Research Justice, YPAR & Implications for the Field

Published on April 4, 2014 | Written by

by Jorge Rivas, Youth Rearch Associate at Youthprise

This past February, Youthprise co-sponsored the Hennepin County Afterschool Summit in order to share, explore and increase the afterschool opportunities for youth in the county. With an audience composed of policy makers, colleagues and community stakeholders, the Youthprise Research Team identified an opportunity to advocate for the value of Youth Participatory Action Research, or YPAR, and its future implications for the entire field. In collaboration with the Brooklyns Youth Council, our team facilitated a workshop session that doubled as a research opportunity. What we found was that there was no shortage of data gathering happening in the youth engagement field.

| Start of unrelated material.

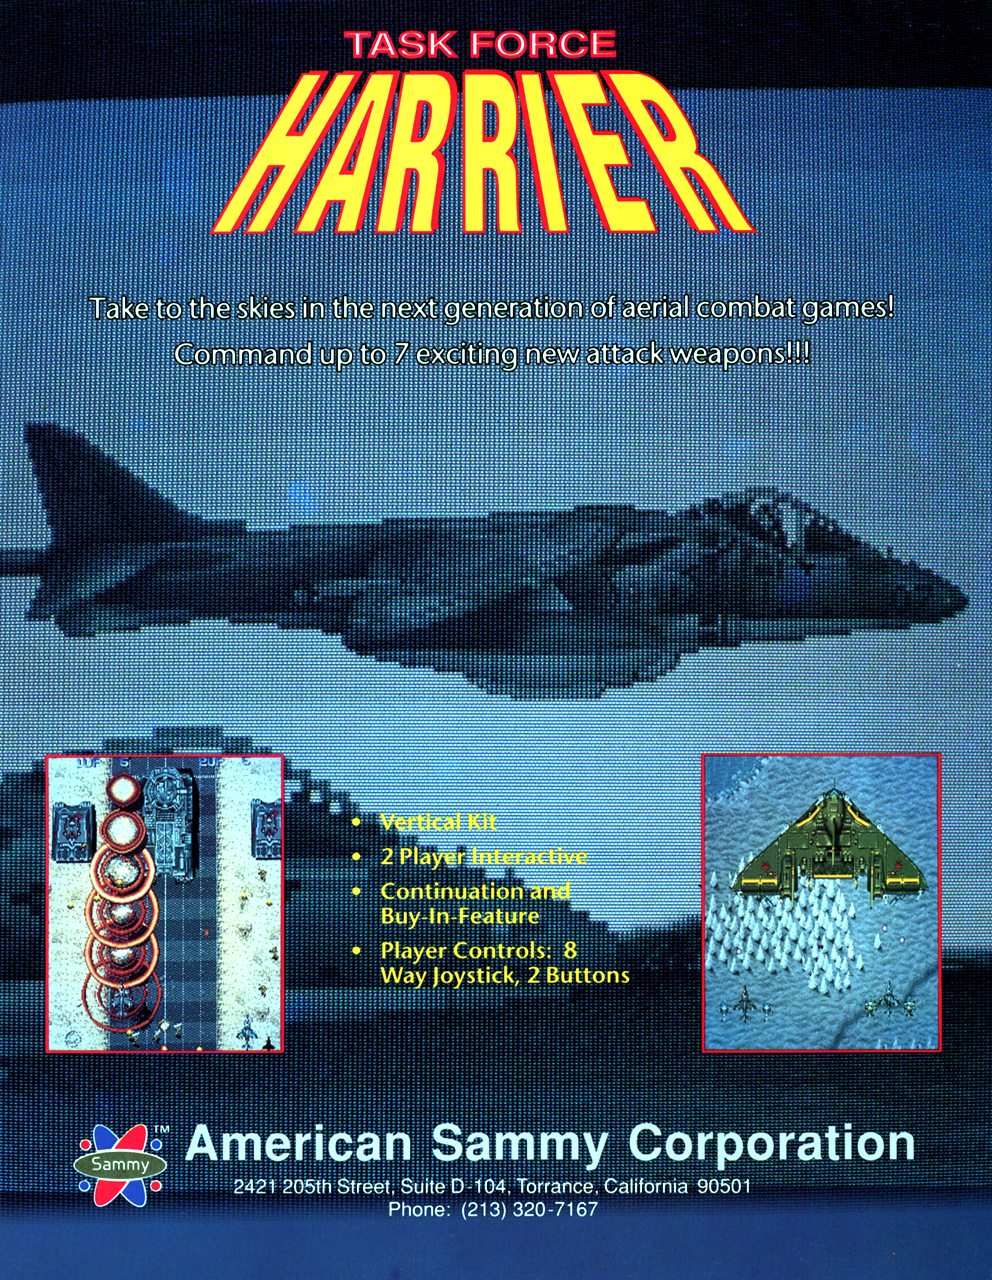 Image of Task Force Harrier

To put it simply, people are gathering a lot of information right now on schools, afterschool programs and young people as a population. Session participants listed several different forms and applications of surveys and evaluation processes that painted a picture of the wide-ranging and interconnected data networks that support citywide afterschool programs. What is not immediately clear is whether young people have a role in large-scale research efforts. But that’s not to say that people aren’t thinking about them.

The second half of participant responses was centered on how to incorporate young people in their own research. Again, the data harvest was robust and offered a look into a potentially promising future. Suggestions such as adding youth to project planning and leadership teams, student-developed surveys and focused engagement with policy makers were some highlights that seemed realistic and attainable. By all intents and purposes young people and the programs that serve them are being heavily scrutinized, but it is crucial that the field as a collective takes time to reexamine the nature of the work.

The term research carries academic and governmental connotations that aren’t entirely off base. Career academics are directed to gather information on domestic and indigenous populations, aggregate the data and form conclusions. At first glance the practice appears to be rigorous and valid but a thoroughly critical analysis reveals that the ability to conduct research is steeped in institutional exclusivity. This exclusivity is revealed when we look at the student demographics for the most prestigious universities our country has to offer.  These mostly white universities supply researchers for the mostly white think tanks that inform the mostly white national leadership.  When seen for the wide-scale, insider’s only club that it is we can see the value that diversity carries, and in contrast, the damage that tokenism can cause in research. This revelation is remarkably relevant when we examine the current landscape of youth development research.

Research Justice is a conceptual framework that subverts the institutional exclusivity of data gathering in order to place knowledge making in the hands of the collective. When the knowledge has been gathered these people are expected to circulate this information and develop ways of impacting and providing solutions to the issue. This concept is cemented through the critical research methodology of Participatory Action Research, or, PAR. Participatory Action Research is a method in which individuals directly affected by an issue come together to question, examine and report on those issues. In the past, areas such as workers’ compensation, racial justice and immigrant rights have been critically examined using PAR.

However, to see PAR as a data gathering tool would be an overly simplistic explanation of its utility. When you examine the skills and techniques needed to conduct research, you can see that by going through this process people are doing much more than gathering information. The tools needed to question widely held opinions, deconstruct traditional modes of thinking and critically examine situations are also the tools critical to innovation and progress as a society. More specifically, when we examine the important cognitive skills for young people to learn and develop, we see that YPAR is, again, much more than a tool for gathering data, it is a tool for youth development.

In our mission to ensure that Minnesota’s youth are thriving, we are seeing more and more that the ability to think critically and question the status quo is necessary to create change. This goal, along with our models for Youth Engagement and Youth Adult Partnerships, ultimately come together to form our philosophy on youth development. When you teach a young person in culturally relevant ways, encourage that person to question and validate their own ideas and then place them in working relationships with adults who value those ideas, the result is a person who is mentally equipped to handle any situation they may come across. That is how you ensure that all of Minnesota’s youth thrive: one mind at a time.